3. Schema Design: Normalization vs Denormalization, Partitioning, and Sharding

Schema design decisions made early in a project have lasting performance implications. Understanding when to normalize for consistency vs denormalize for speed, and how to partition and shard for horizontal scalability, prevents expensive rewrites later.

Normalization, Denormalization, Partitioning, and Materialized Views

Third Normal Form (3NF) eliminates data redundancy by ensuring each fact is stored exactly once. This is ideal for OLTP workloads where data consistency and write efficiency matter. Denormalization duplicates data for read performance, using summary tables, materialized views, or embedded aggregates. The trade-off is write complexity for read speed.

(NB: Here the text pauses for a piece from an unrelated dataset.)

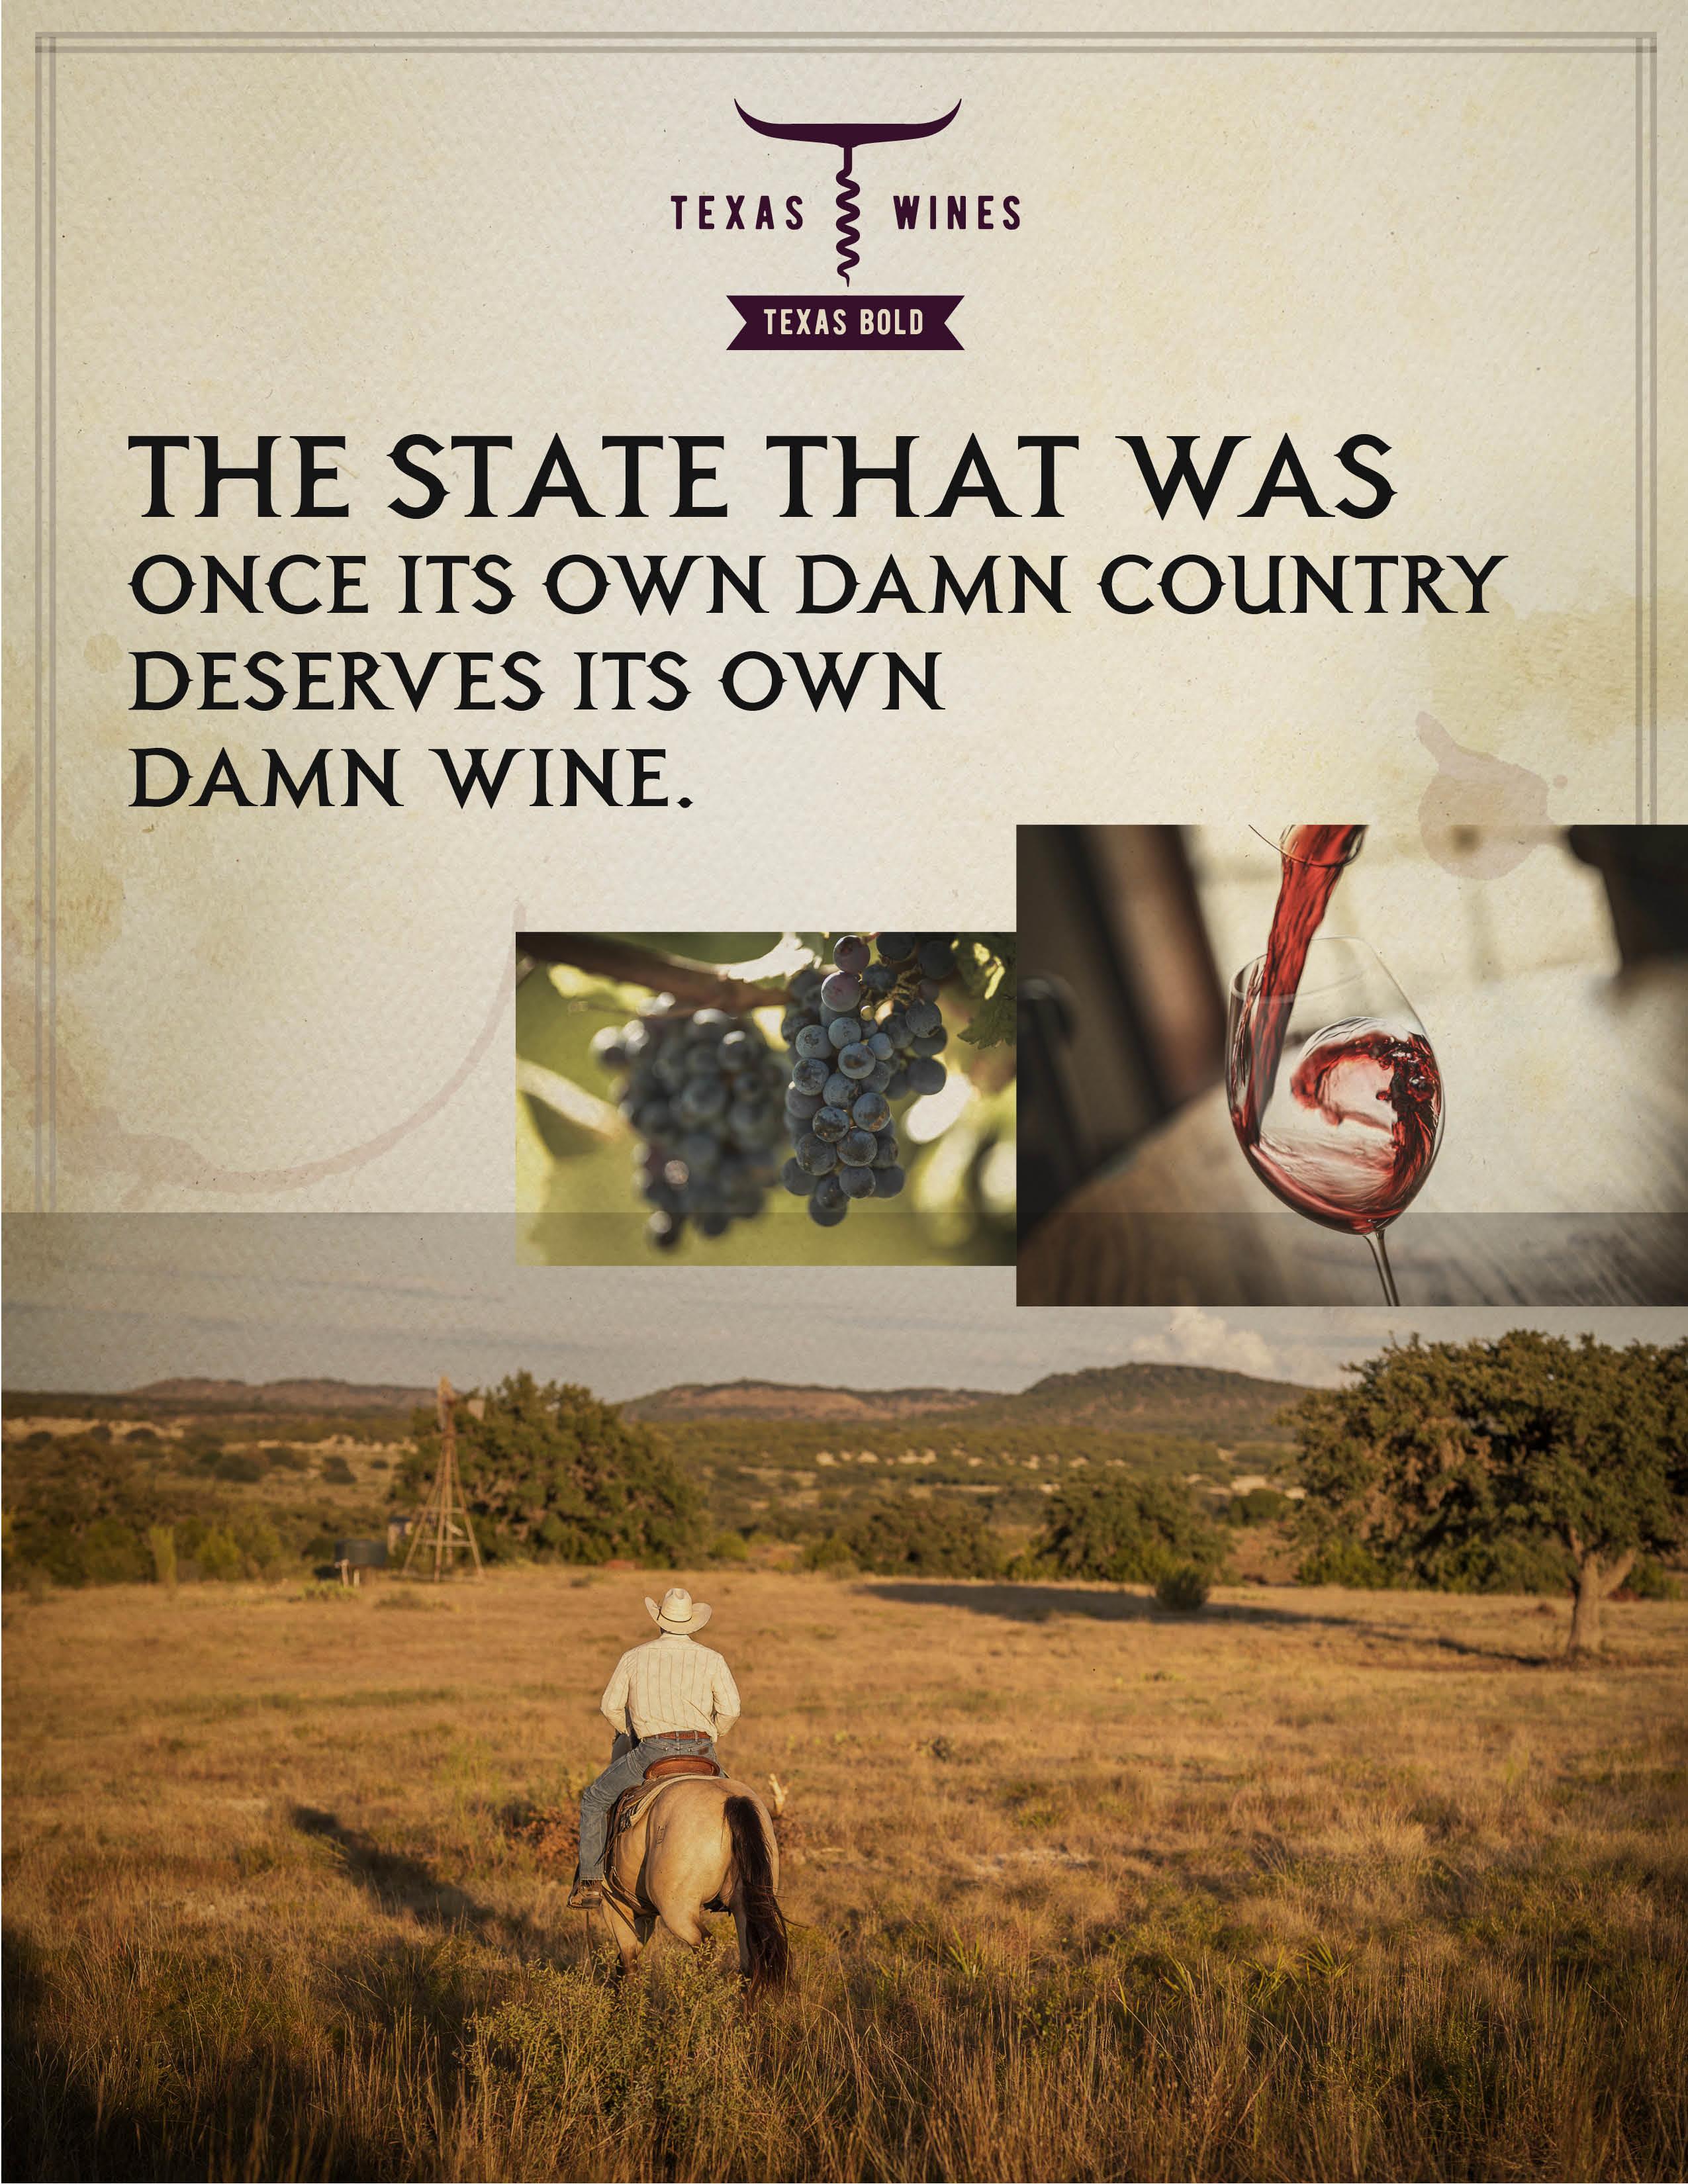 Texas Wines - Damn Wine

Table partitioning splits large tables into smaller, more manageable pieces. Range partitioning by date is the most common pattern — queries that filter on the partition key automatically skip irrelevant partitions (partition pruning). PostgreSQL supports declarative partitioning with RANGE, LIST, and HASH strategies. Sharding extends this concept across multiple database servers but adds significant operational complexity and should only be considered when single-node limits are genuinely reached.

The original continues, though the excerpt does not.